In October, the CEO said he expected revenue and profit to rise this year as the company opens at least 20 new stores, half of which will be in China. Last year’s sales will exceed the 870.6 million euros ($1.16 billion) generated in 2008, while 2010 profit will trail the 62.3 million euros earned in 2008, Zegna said at the time.

Cavalli will open its first standalone shop in Japan in Tokyo in May and its first boutique in China in Beijing in September or October, Brozzetti said. The fashion company will also double the size of its store on London’s Sloane Street, shuttering the unit as early as next month for renovations and reopening it in the summer, the CEO said.
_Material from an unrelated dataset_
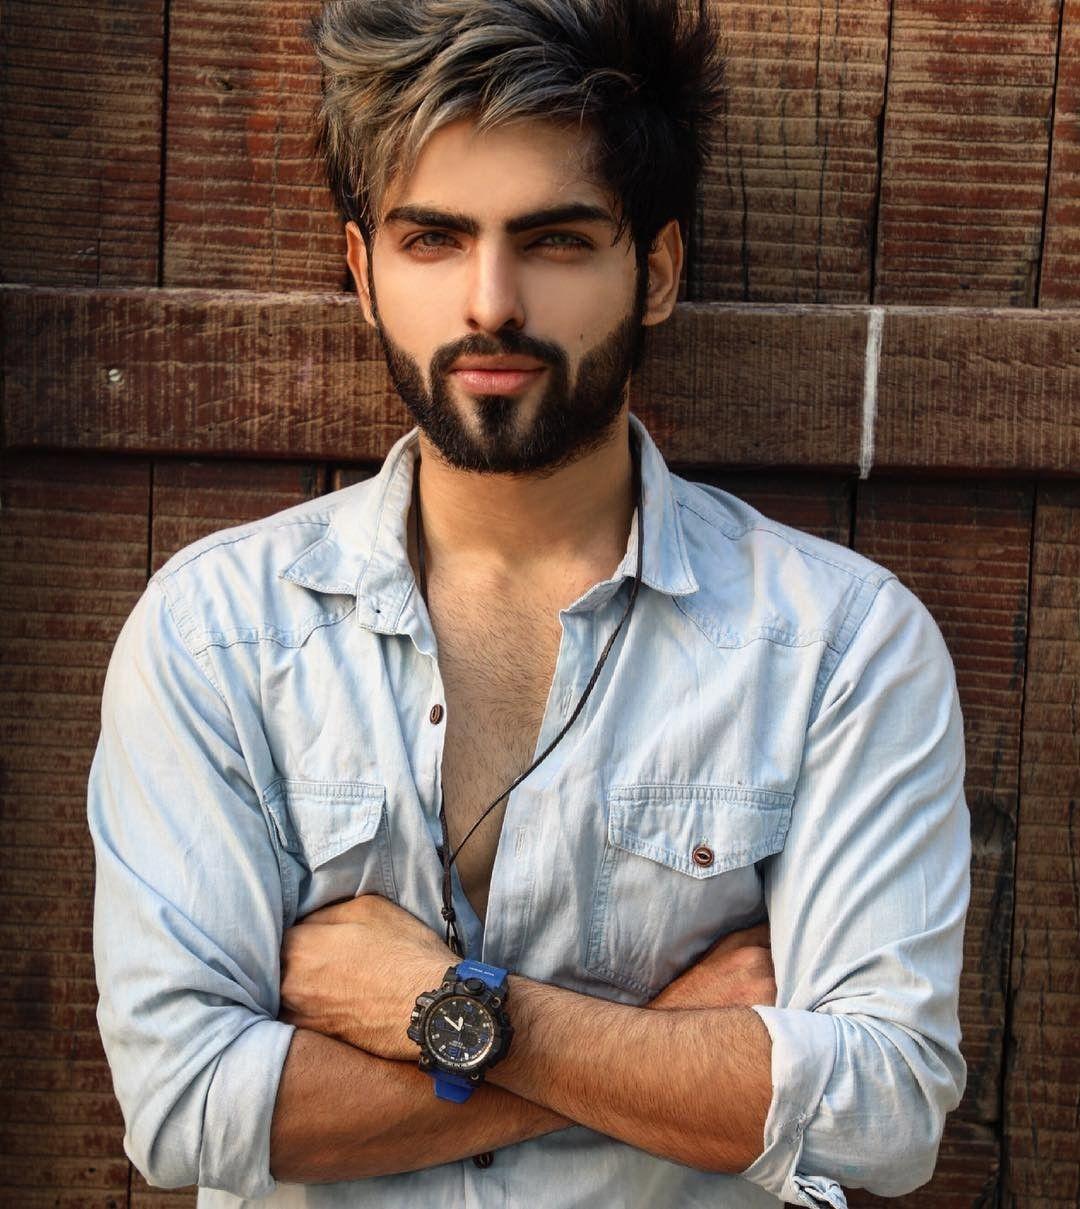 Pin By Hafeez Dada On Juv N Shah Asma Shah Beard Styles Short Beard Styles For Men Beard Styles

“We are going to invest more because we are generating more resources,” said Brozzetti.

‘Similar Trend’

Cavalli Group, which includes the Just Cavalli line, returned to profit in the first half of 2010, helped by lower production costs and new outlets, the company said in September. Excluding royalties, sales increased 4 percent.

The second half of 2010 showed “a similar trend,” Brozzetti said, citing an increase in direct sales and “a very encouraging result on the wholesale business.” He declined to provide figures.

Third-party orders for Cavalli’s spring-summer 2011 collection are “very positive” and “that is going to have an impact on the results of the first semester of 2011,” Brozzetti said. If wholesale orders for Cavalli’s fall-winter collection 2011, which the fashion house showed Jan. 15 in Milan, rise and retail keeps growing at the same pace, 2011 will be “promising,” he said.